258. On examination after death, one or several of the bodies of the vertebræ are found destroyed by caries; the neighbouring vertebræ are eaten away and crushed together in front, so that the spinous processes project. A sac is formed of the apparatus ligamentorum anticus, cellular tissue, and so on, at the part where the vertebræ are destroyed, which contains a purulent cheesy mass, and from which openings lead into the external abscesses; in these sacs loose pieces of bone often lie. The bones are often converted into a spongy mass, which yields to the knife. Sometimes

the interarticular cartilages especially are attacked, loosened up, and destroyed. Circumscribed deep holes are often found in the bodies of the vertebræ, filled with cheesy matter, and which I hold, with DELPECH and others, to be tubercles (1). The area of the spinal canal is generally undiminished; sometimes, however, it is so, and there are traces of chronic inflammation, redness, thickening or softening of the spinal marrow, of its membranes, and of the nerves passing through them.

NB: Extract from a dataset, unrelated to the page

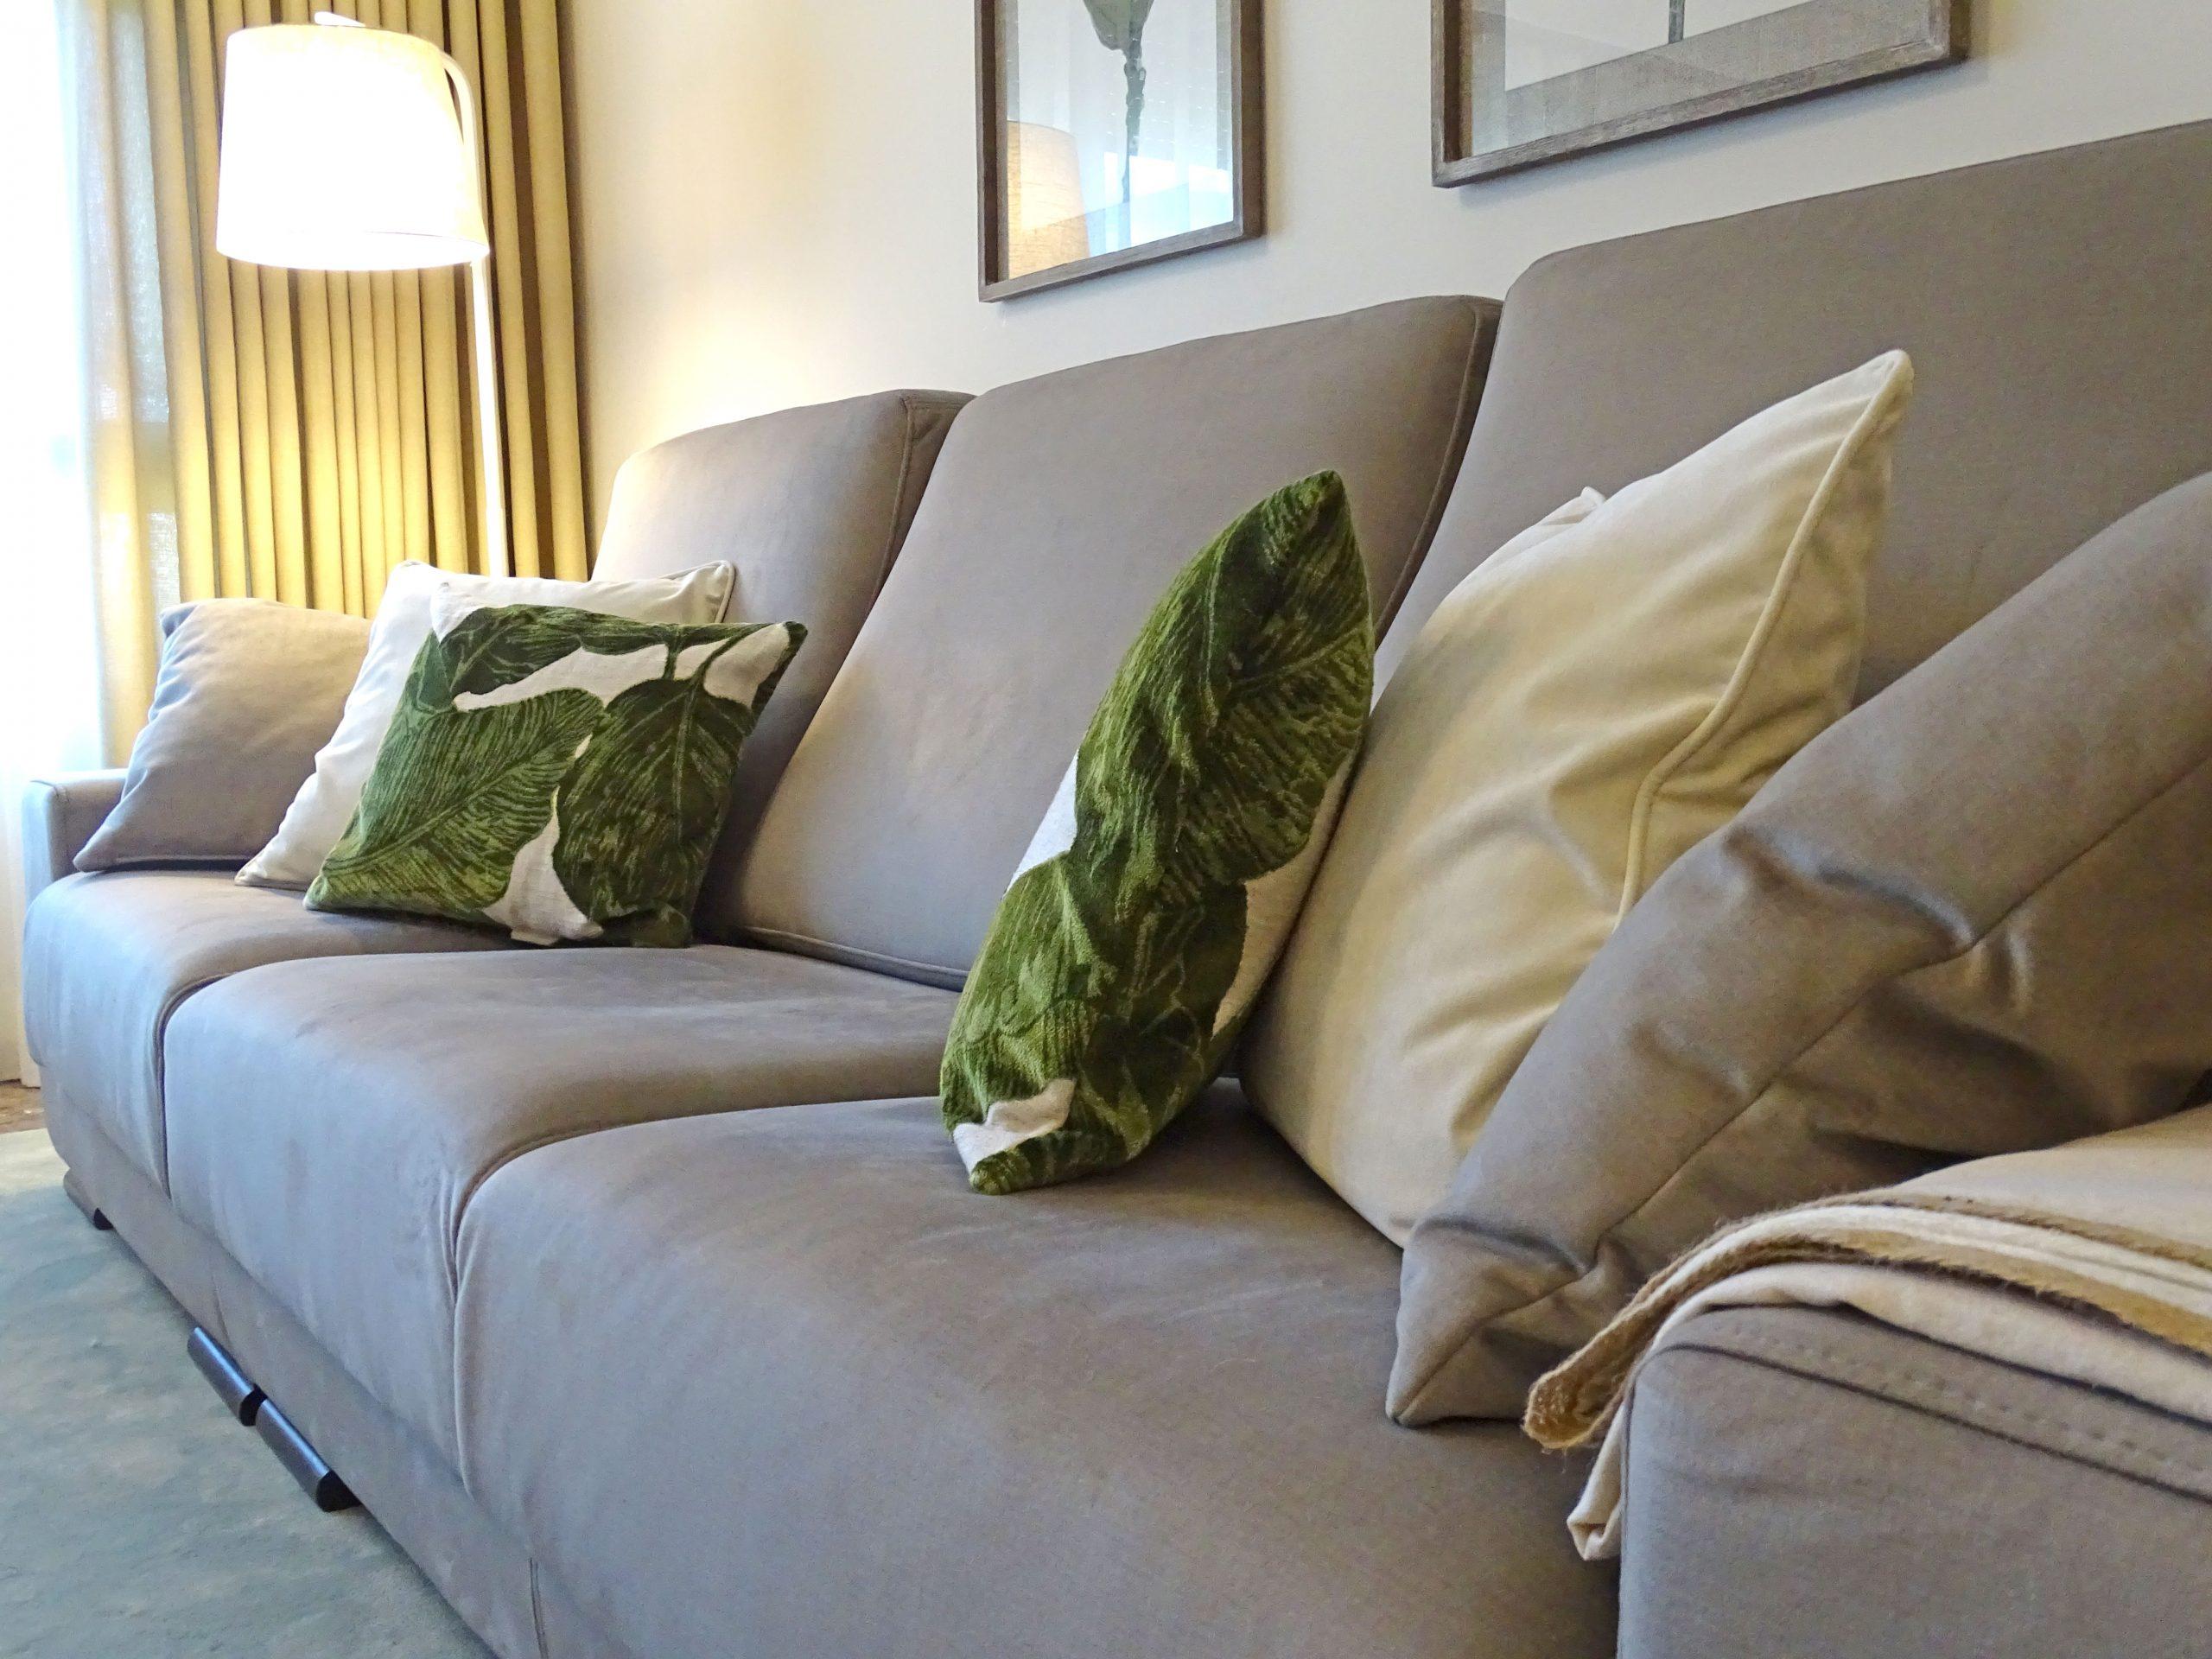 Tresarenes - Reforma de una vivienda en Alzira

These examinations show that the disease occurs sometimes as a primary affection of the cartilages and ligaments, sometimes as a primary affection of the spongy substance of the bones themselves.

(1) NICHET (a) has endeavoured to prove this view of the disease by numerous examinations. On the other hand, JÆGER (b) believes that these supposed tubercles are merely the modification of pus in the bony cells and beneath the periosteum, or inflamed and suppurating lymphatic glands on the spinal column.

(a) Gazette Médicale, 1835, Nos. 34, 35.

(b) Handwörterbuch, vol. i. P. 572.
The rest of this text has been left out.